The discovery of these pits is of great significance, and came in the form of a report of an on-going investigation report, the result of years of work by large team of archaeologists from many universities, and other specialists.

Due to the site’s proximity to Stonehenge – which is just under three miles to the southwest of Durrington Walls, the PR guys clearly thought it a good time to announce the launch at the summer solstice. The Guardian clearly thought so, coming on strong with this catchy title,

Vast neolithic circle of deep shafts found near Stonehenge : prehistoric structure spanning 1.2 miles in diameter is masterpiece of engineering, say archaeologists.”

Is this just journalistic hyperbole, or are we being introduced to new evidence that can truly confer a better understanding of the culture that built Stonehenge? I believe that it can, and this article begins a process of making the importance of this discovery accessible to non-specialists and prehistorians alike.

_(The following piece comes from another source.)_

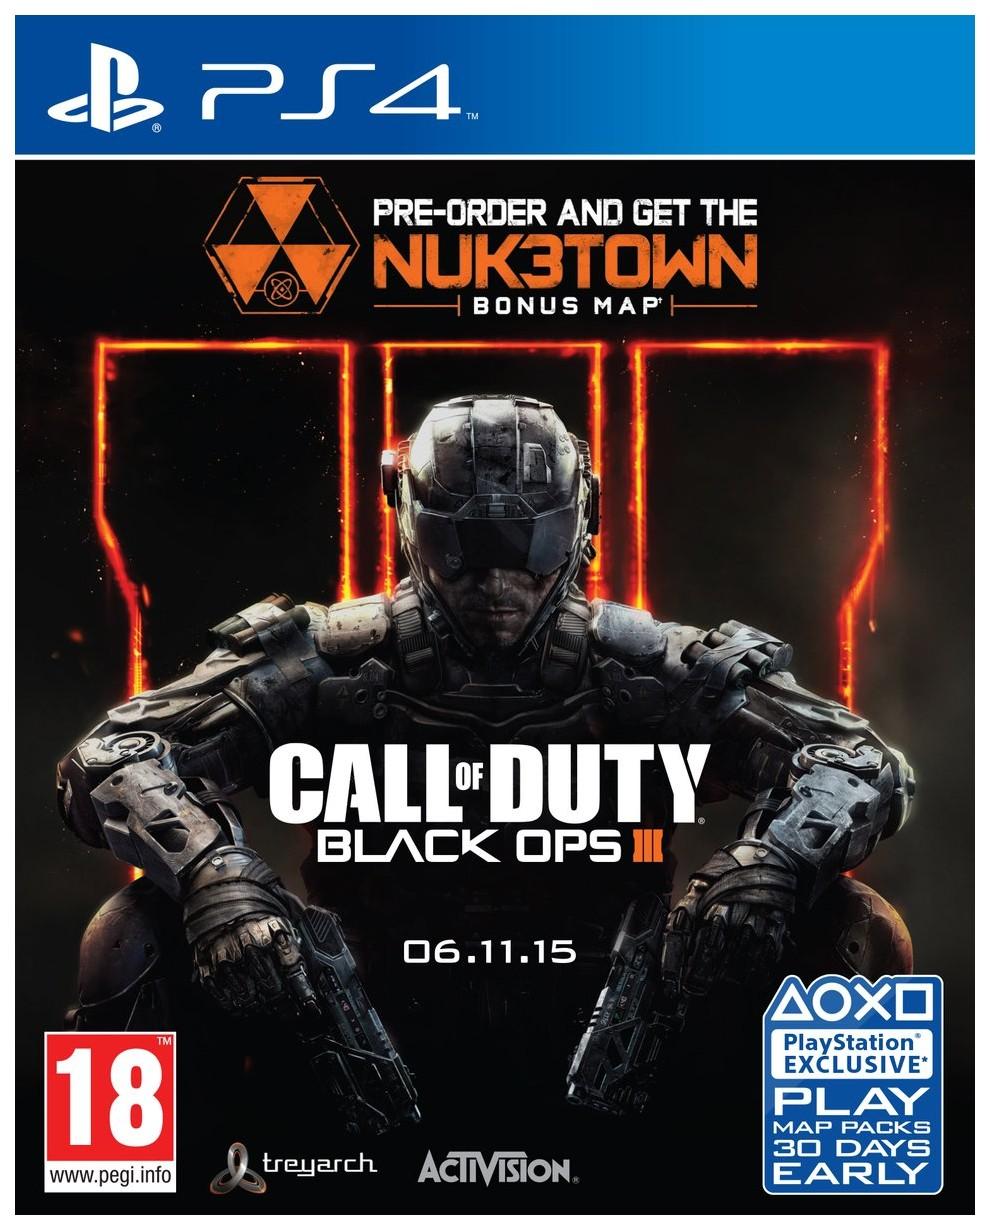 Игра Call of Duty Black Ops III Nuketown Edition для PlayStation 4

This project was co-ordinated and directed by professor Vincent Gaffney, Anniversary Chair in Landscape Archaeology at the University of Bradford, and the co-principal investigator of the Stonehenge Hidden Landscape project, an overarching programme which has for some years been surveying thousands of hectares of landscape all across Salisbury Plain.
Professor Gaffney’s  report delivers an excellent outcome, and offers a new approach to evaluating prehistoric cultures. The various equipments employed in the project shout modernity, taking the reader way beyond the pick and spade of traditional digs. To facilitate this discovery involved the futuristically named Winkie vibracorer and the Dando Terrier percussive corer, ground radar and fluxgate radiometers! More Dr Who than Flinders Petrie.

Gaffney announced:

We are starting to see things we could never see through standard archaeology, things we could not imagine”.. and..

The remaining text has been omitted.